In criticizing pro-lifers, she made clear abortion activists’ own agenda – legal, unregulated, taxpayer-funded abortions for any reason up to birth.
“While state policymakers must be vigilant in guarding against the barrage of abortion bans, this is a critical opportunity to envision and codify rights that go beyond those established by Roe and imagine a future of expanded, accessible and affordable abortion care without stigma,” Nash wrote.
She praised New York and Oregon for passing laws to “protect abortion rights throughout pregnancy” and force taxpayers to fund abortions. Her report came out before Illinois passed a similarly radical pro-abortion law last week.

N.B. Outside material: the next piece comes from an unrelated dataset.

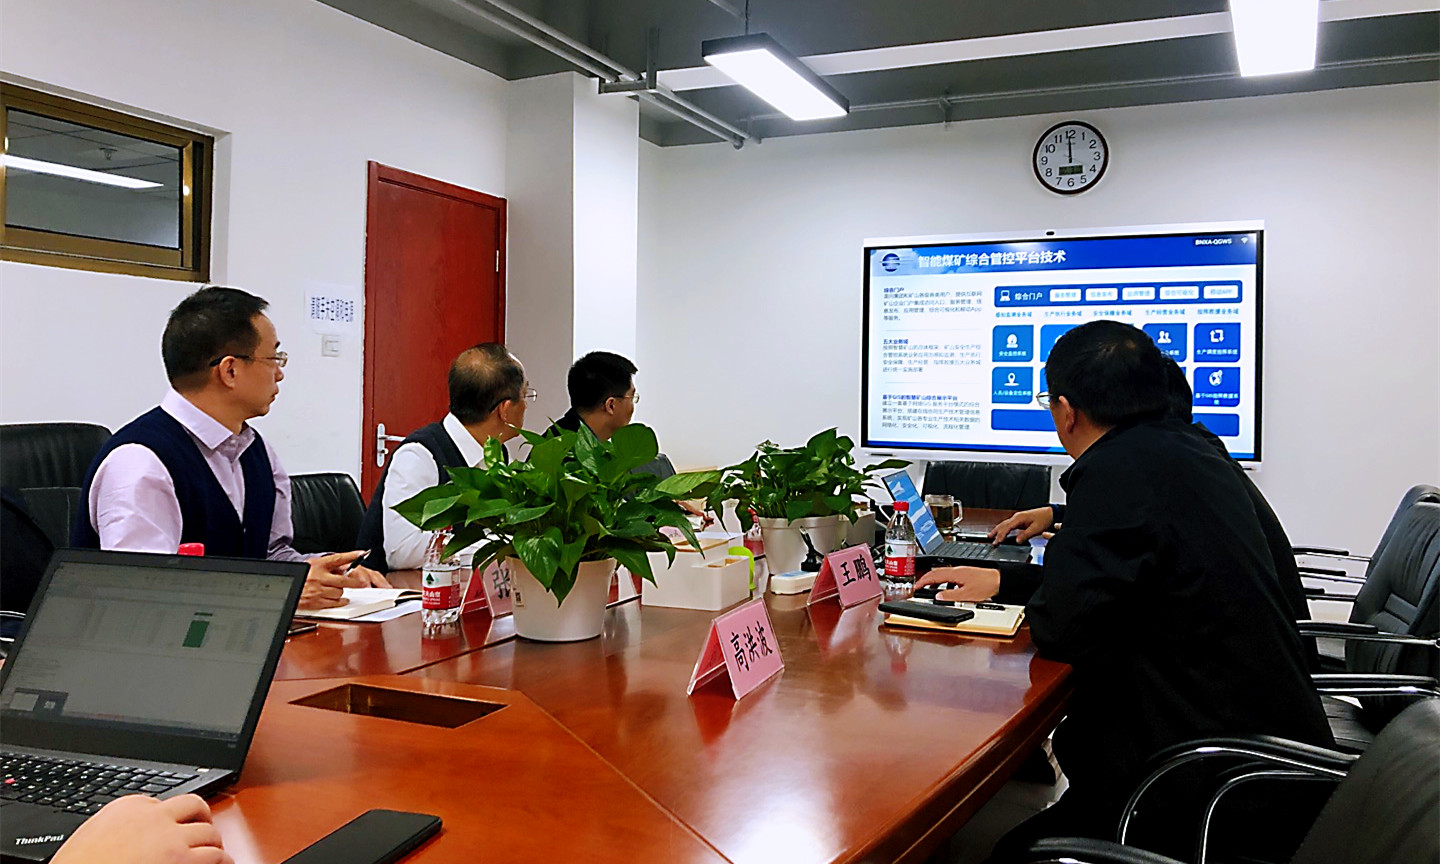 中国矿业大学（北京）机电与信息工程学院张晞院长一行到公司交流座谈

Though some states are moving to expand abortions, many state lawmakers recognize that their constituents want unborn babies to be protected.
Polls consistently show strong support of abortion restrictions. A May Hill-HarrisX survey found that 55 percent of voters said they do not think laws banning abortions after six weeks – when an unborn baby’s heartbeat is detectable – are too restrictive.
Another poll out of Harvard University found that just 6 percent of Americans said abortions should be allowed “up until the birth of the child,” while 8 percent said they should be permitted up to the third trimester. It also found that a majority of Americans want the U.S. Supreme Court to revisit Roe v. Wade.
And in January, a Marist University poll found that 13 percent of Americans support a New York law that legalized abortions for basically any reason up to birth.
As modern medical advances demonstrate the humanity of unborn babies and the abortion industry pushes an increasingly radical agenda, it is no surprise that so many voters are electing leaders who are taking action to protect babies in the womb.